▸ **AIM OF THE TASK**:
Each line of the material below is to be given again exactly.

▸ **PROVIDED DATA**:
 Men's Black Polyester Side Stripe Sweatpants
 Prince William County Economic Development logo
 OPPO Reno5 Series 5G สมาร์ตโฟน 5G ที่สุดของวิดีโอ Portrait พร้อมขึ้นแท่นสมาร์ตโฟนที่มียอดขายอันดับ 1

▸ **OUTPUT FOR THIS EXERCISE**:
 Men's Black Polyester Side Stripe Sweatpants
 Prince William County Economic Development logo
 OPPO Reno5 Series 5G สมาร์ตโฟน 5G ที่สุดของวิดีโอ Portrait พร้อมขึ้นแท่นสมาร์ตโฟนที่มียอดขายอันดับ 1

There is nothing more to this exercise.